“Lucien Minor’s mother had not wept, had not come close to weeping in their parting.”
THE much anticipated (in these quarters) second book from Patrick deWitt, the follow up to Scissor Sisters. The two share striking graphic covers, and sharp titles, a play on character names.
I imagine deWitt having watched a box set of the Lord of the Rings all weekend resolving that the one thing it lacked was a sense of fun.
The writing is quick. “The valise stood alert on the floor beside him”. The women are “lard-armed”.
We are in some unidentified land. There are trains and barons but no specifics just a castle and mountains, nor any sense of period, except an archaic tone in the narrative; “…there occurred an untoward happening.”
The effect blindfolds the reader, removes any sense of the everyday.

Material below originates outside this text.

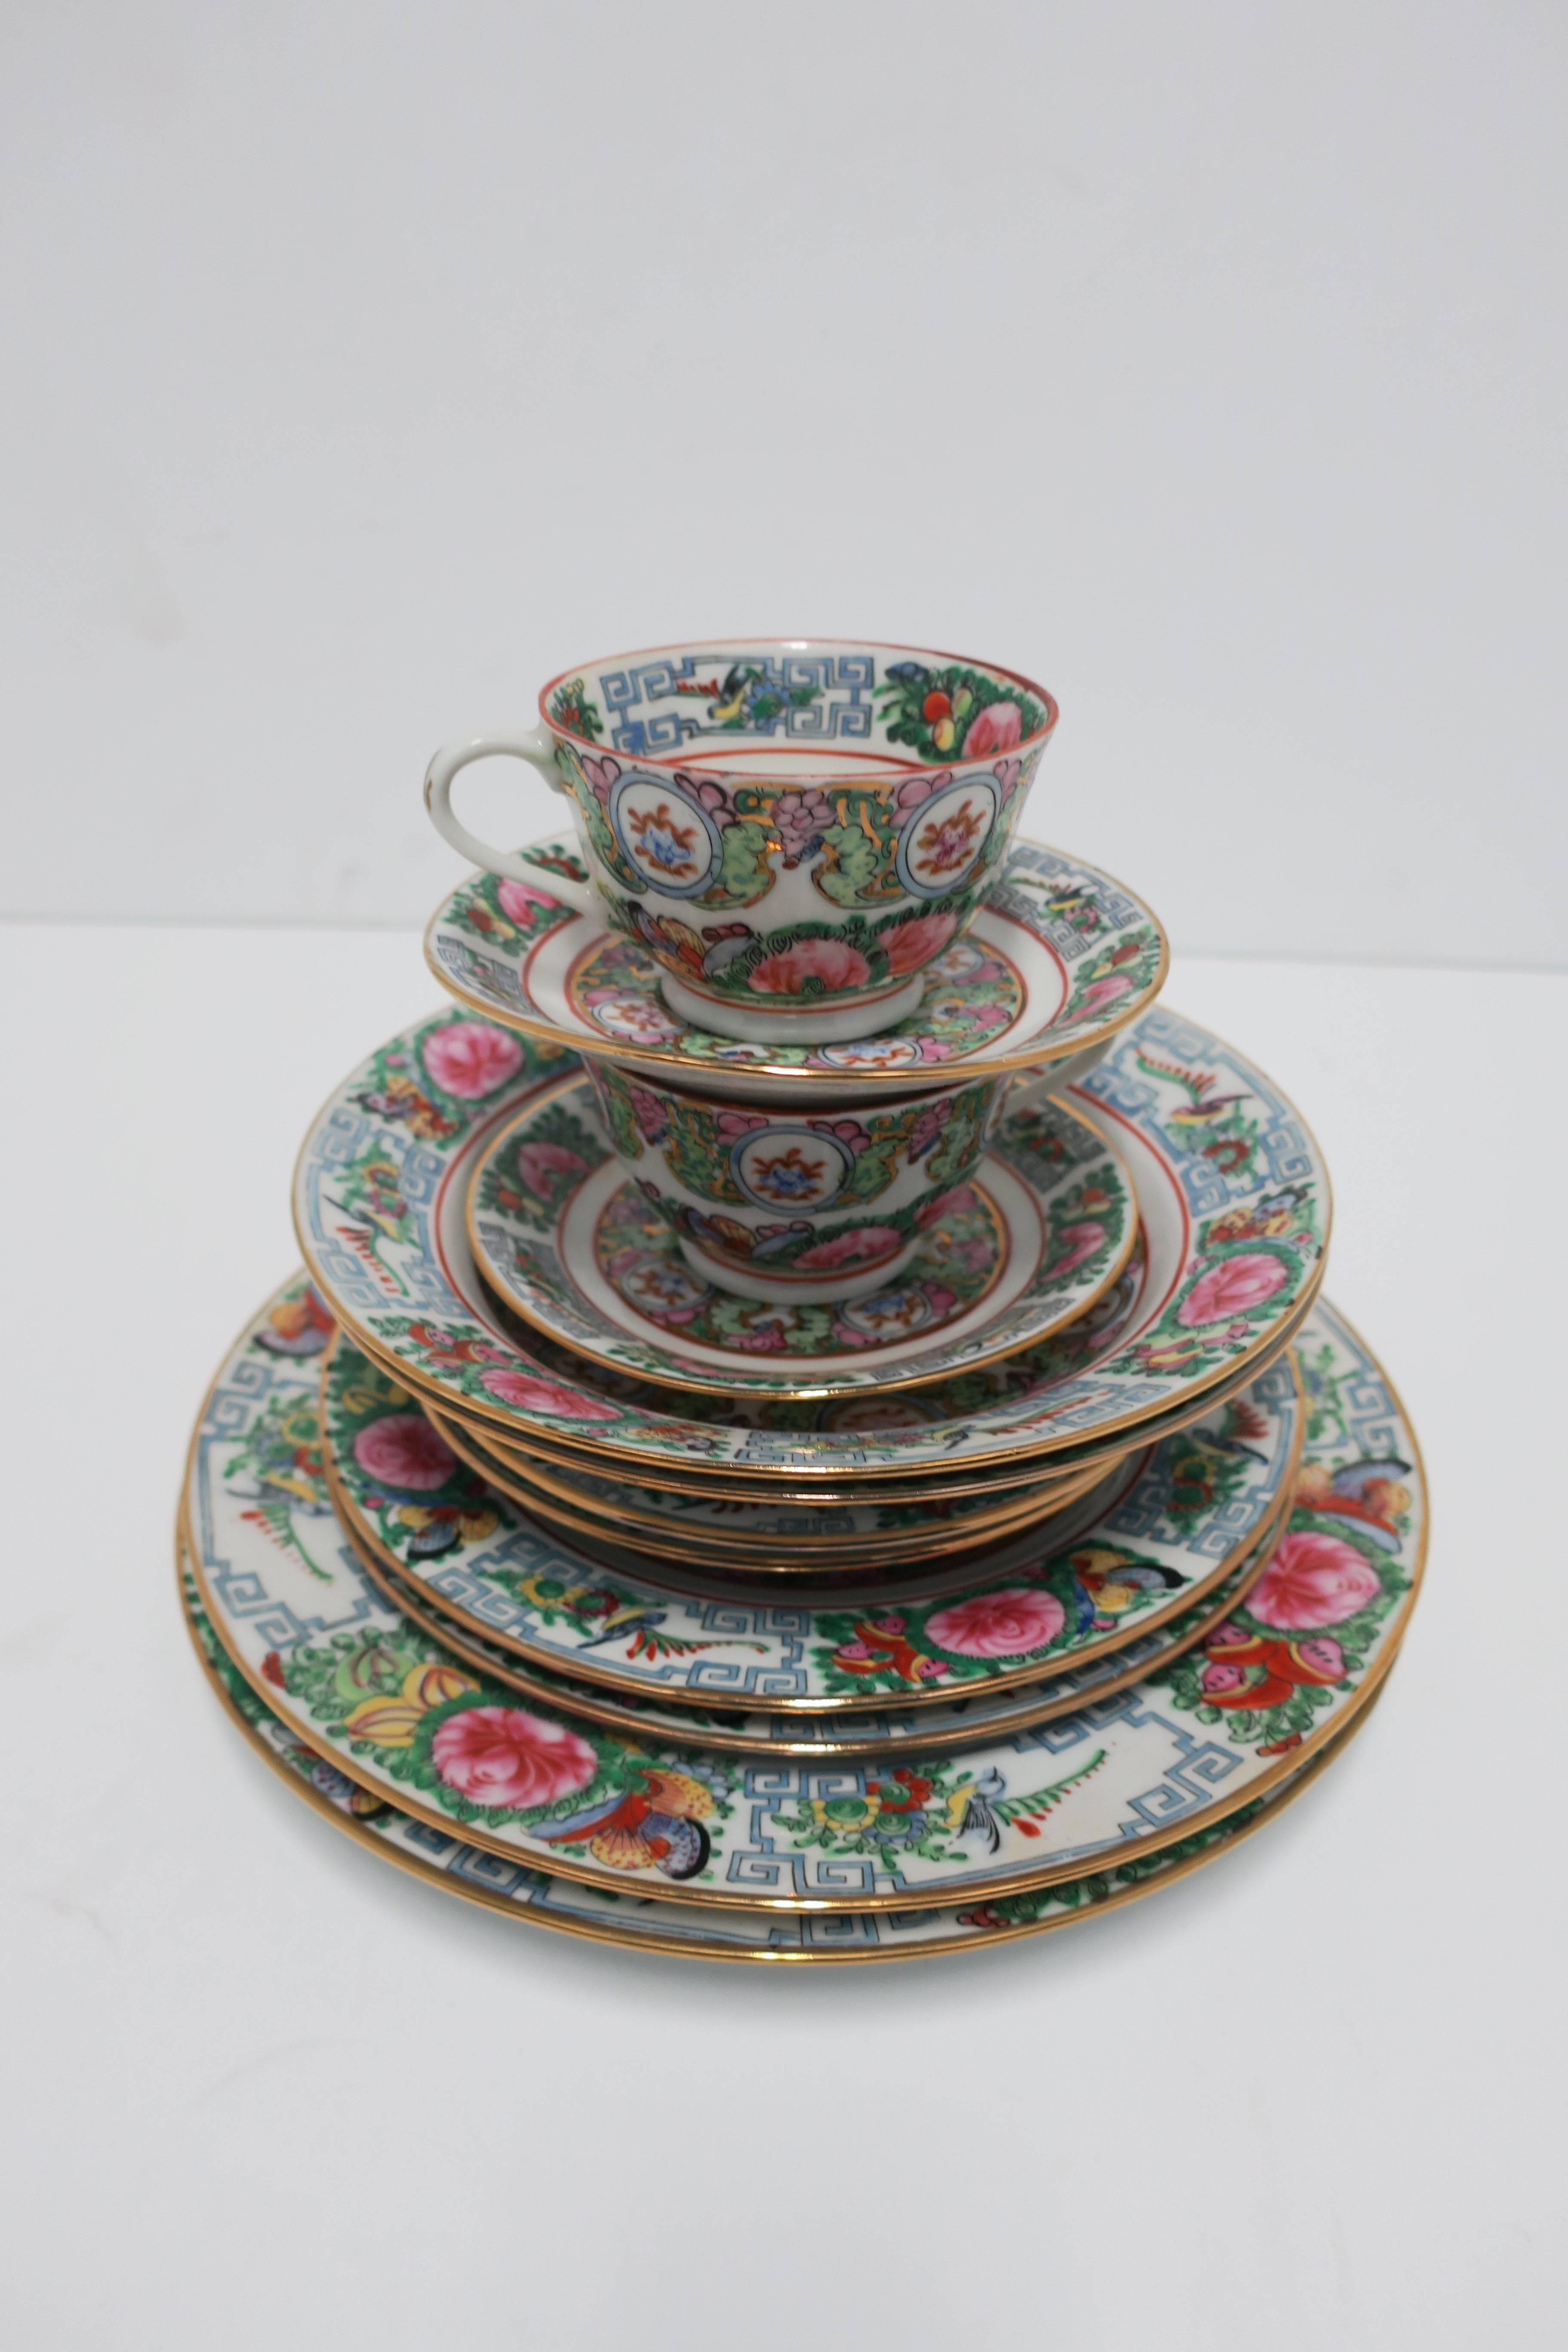 Gorgeous vintage Famille Rose hand-decorated porcelain dinnerware sets, circa mid-20th century. This set of 12 pieces make up two (2) sets, which include tea/coffee cup and saucer. Pieces come with original boxes (3 boxes) marked Villeroy & Boch,

We are forced to follow the thread of narrative without any familiar handles to grasp. Some imagery is almost Dali-esque: “The cut and style of each man’s outfit was dissimilar to his fellows’: one wore long trousers, another knickers with tall boots, one sported a shearling collar, while his neighbour trailed a scarf. Even their rifles were dissimilar, the lengths of the bayonets varying drastically.” The castle is Escher-like.
Chapters are short and concise, to be read in sandwich sized bites…each one leading up to a page turning sense of riddle, of mystery, of ooh! of aah!! of an edge of the seat expectation. The characters too linger in the mind.

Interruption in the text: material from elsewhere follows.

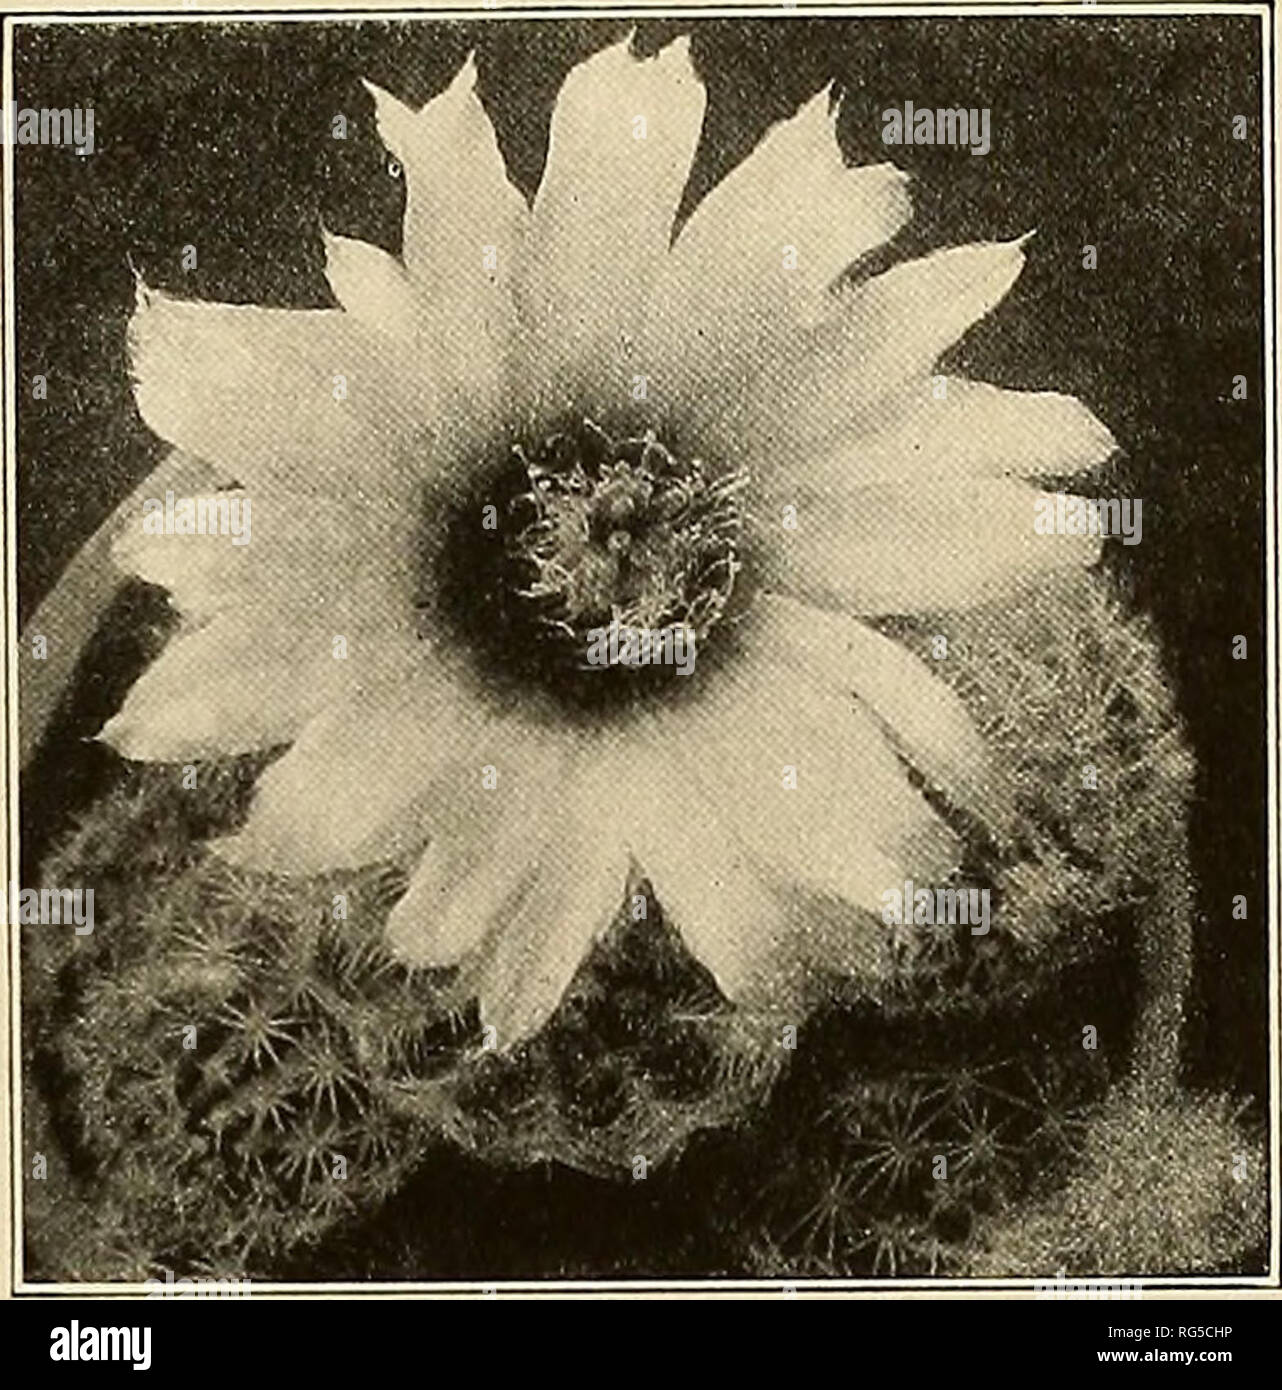 . The Cactaceae : descriptions and illustrations of plants of the cactus family. ECHINOCEREUS. 25. Fig. 24.—Echinocereus perbellus. Collected by Rose and Standley at Big Springs, Texas, February 23, 1910 (No. 12215). This is a very beautiful species which flowers abundantly in cultivation. If heretofore collected, it has doubtless passed as the next species to which it is related. Rose and Standley, who discovered it wild in 1910, also found it in cultivation in Texas. Figure 24 is from a photograph of the type specimen. 33. Echinocereus reichenbachii* (Terscheck) Haage jr., Index Kewensis 2:8 Stock Photo

There is a phrase half way through that catches the mood: “an exhilaration, for how curious life was, how unfathomably novel, and occasionally, wonderful.” Or again: “an invigorating concoction of jubilation and dire agitation”.

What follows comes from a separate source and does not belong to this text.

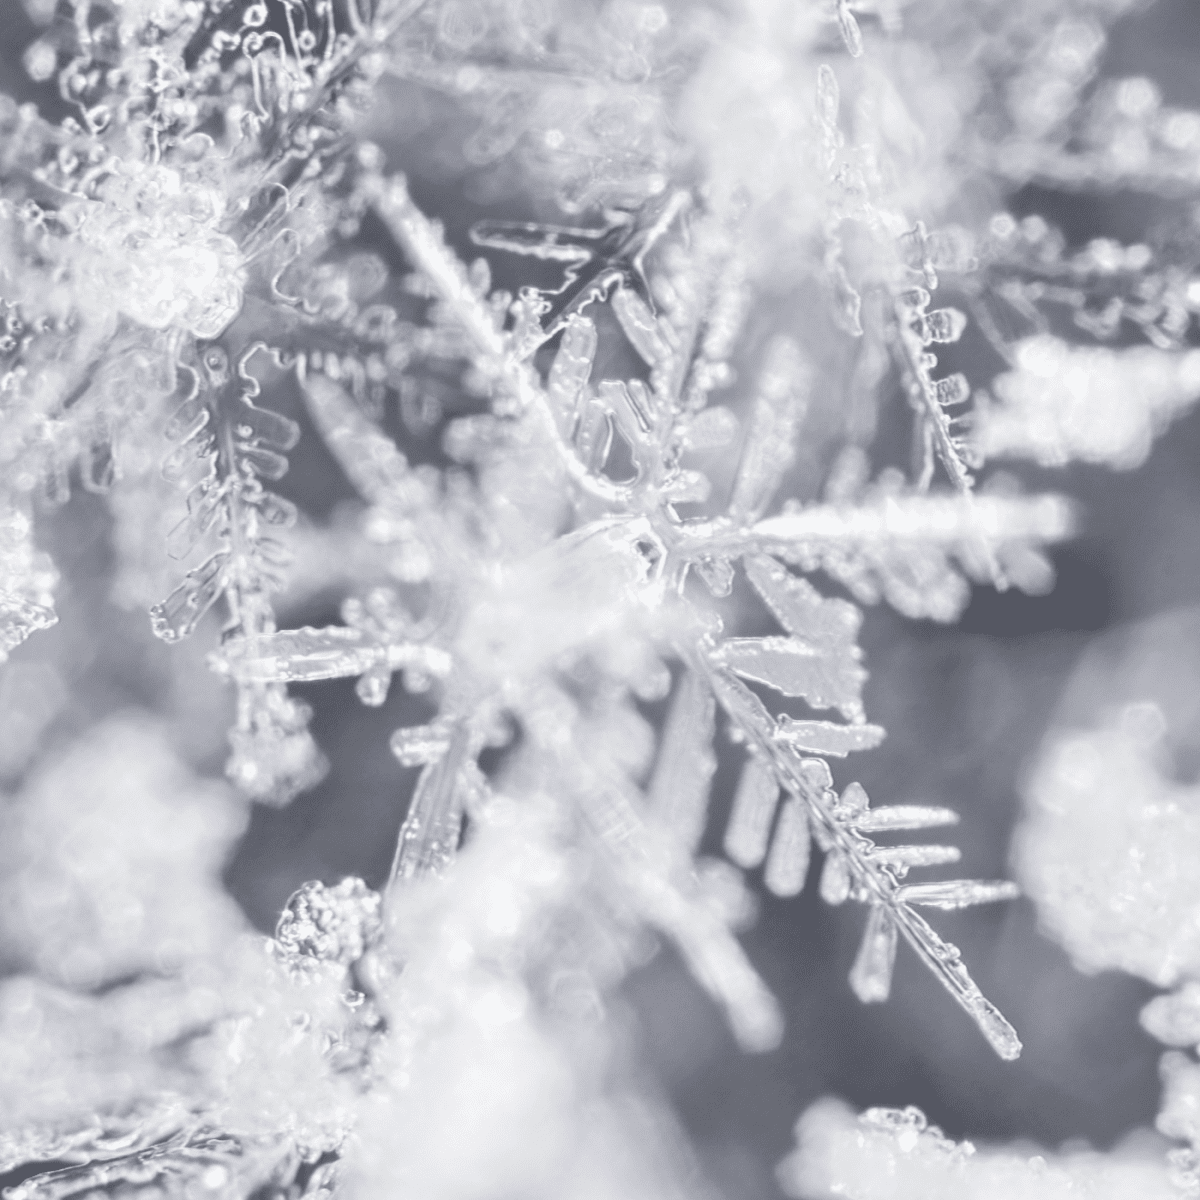 Did you know: Interesting facts about snowflakes

Humour is tricky in the naive, but all round this is a wonderfully unpredictable journey into the bizarre, more fairy than fable perhaps, in which the chacters themselves have slightly altered perspectives, peculiar as it says, or in the the case of L pondering the question of the lie: “He wondered if it wasn’t man’s finest achievement, and after some consideration, decided that it was.”
At the back deWitt credits a list of other writers he has been reading including Dahl and Donleavy, but for me one missing might be Lewis Caroll.